此時已過晌午,石巷中時不時的便會遇見幾個步履匆匆的弟子,盧一峰壓低油傘遮住了他的臉面,好不容易回到了他的住處。
同屋的丁勉沒在,這令他緊繃的神經一下子鬆弛下來,他頓時就像一條擱淺在岸上許久的魚,整個人虛脫般的躺倒在牀上,大口大口的喘着粗氣……
直到窗外的天色漸漸變暗,度日如年的他才從牀上爬起來,悄悄的推開一線窗縫,偷偷的觀察着院子裡的動靜。
雨早已停下,可灰濛濛的天空卻越發的陰沉,除了屋檐上不時滴落的幾點水珠滑過視線,院子裡靜悄悄的,見不到一個人影。
盧一峰趕忙跑回牀邊,從被褥的角落裡摸出了一個鼓鼓囊囊的藍布小包,一把塞進了懷裡,隨後推開房門來到了院子裡。
他先是若無其事的四下打量了一番,忽然順着水塘邊碎石鋪成的尺寬小路,躡手躡腳的來到了東面的那棟石屋門前。
他顫顫巍巍的摸出一把鑰匙,“嘎啦”一聲捅開了鎖頭,一閃身進到了屋裡。
然而就在這時,就在盧一峰剛剛進到屋子裡的時候,由打院子西南角的茅房裡,悄悄的轉出了一個身形瘦弱的少年。
那臉色蒼白的少年深深的看了這邊一眼,隨後躡手躡腳的走出了院門……
……
下過雨的山路泥濘不堪,直到入夜很晚的時候,整整六十根鐵木才被陸續運回了新人谷。
此時的王動和石虎渾身狼狽不堪,簡直就是兩隻泥猴,他倆領了三粒養息丹和三人份的飯食便馬不停蹄的返回了住處。

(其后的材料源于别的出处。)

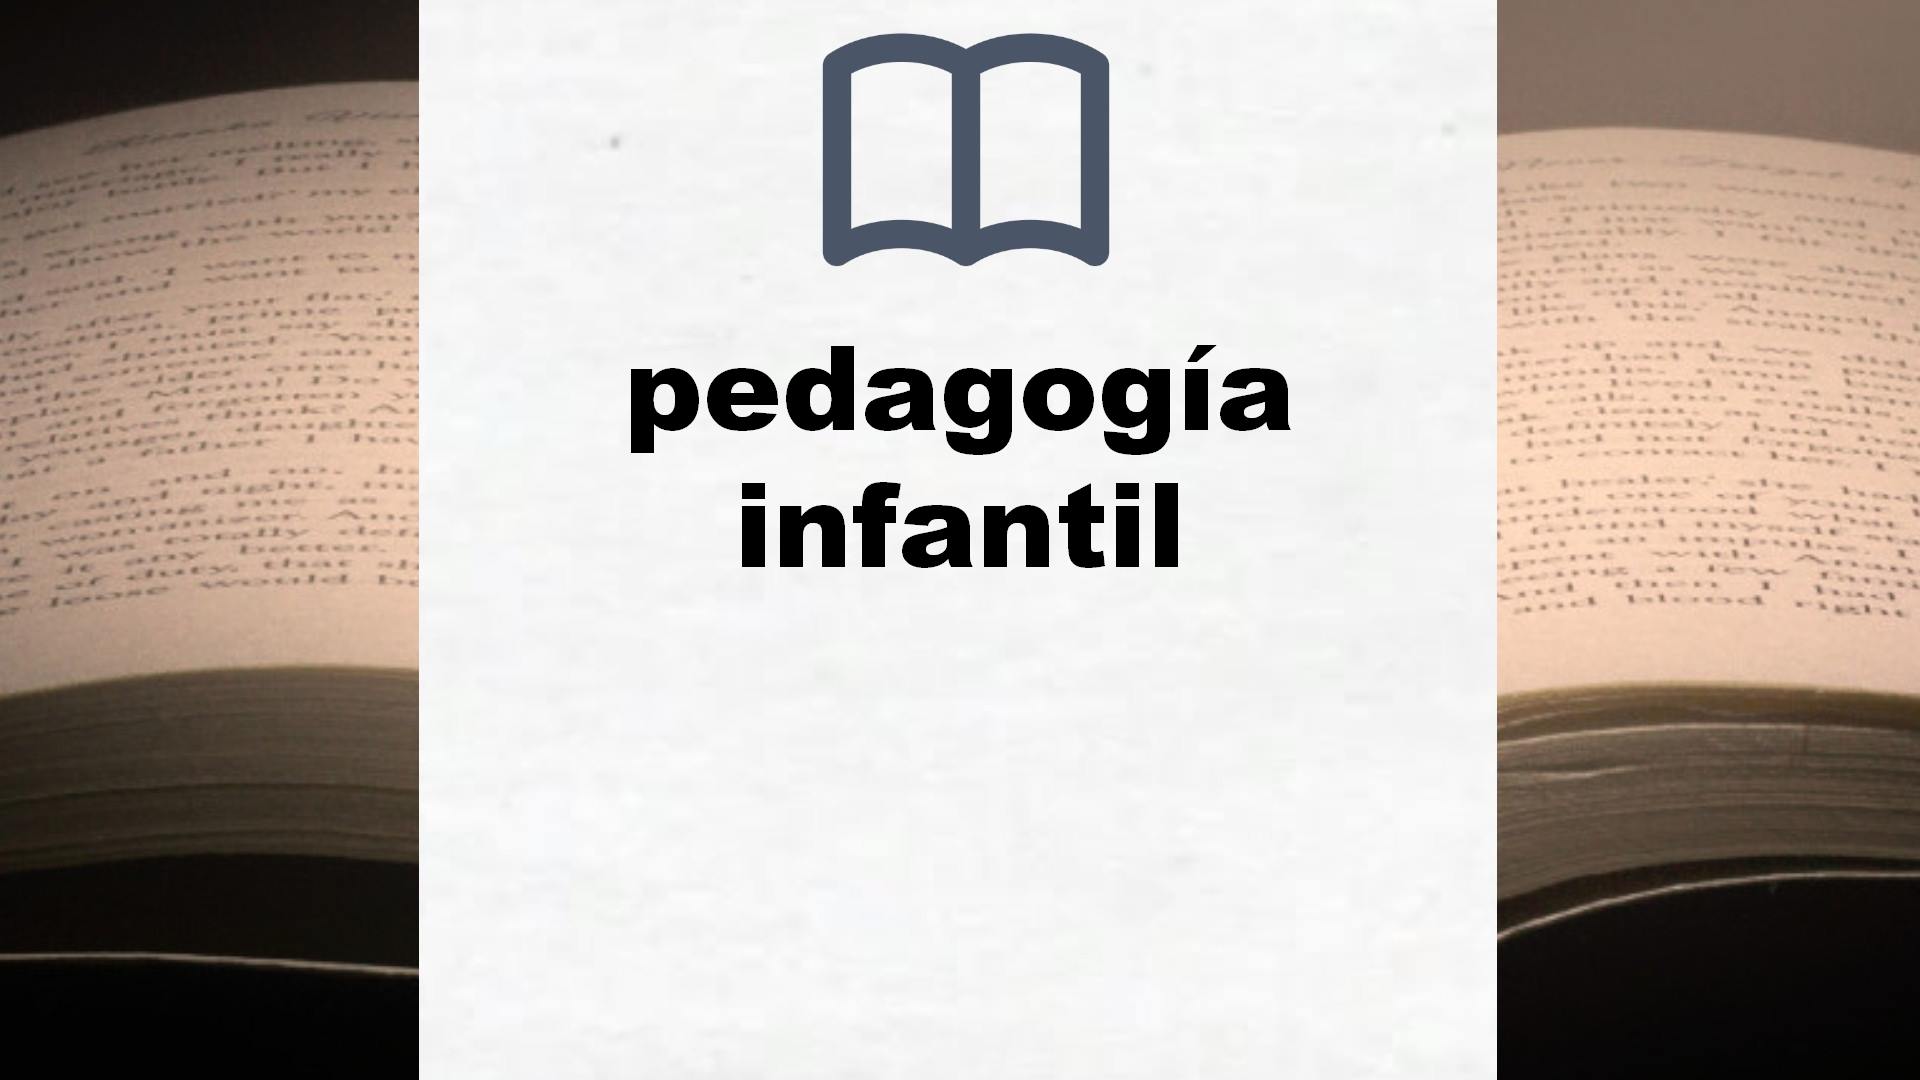 Libros sobre pedagogía infantil

簡單洗漱之後更換了衣衫,三下五除二填飽了肚子,他倆又投入了修煉……
不知不覺中,就已經到了後半夜。
屋外院門的方向,忽然響起了一陣夜貓子的淒厲叫聲,彷彿垂死的老人在笑,聽着就是那
麼瘮人。
“王動,俺,俺有點怕。”
黑大個石虎坐在對面牀上,搓着臉上駭起的雞皮疙瘩,聲音發顫道。
王動呼出一口濁氣,睜開眼側耳聽了聽,滿不在乎的笑道:“虎子,有什麼可怕的,不就是鳥叫嗎?別怕,有我在。”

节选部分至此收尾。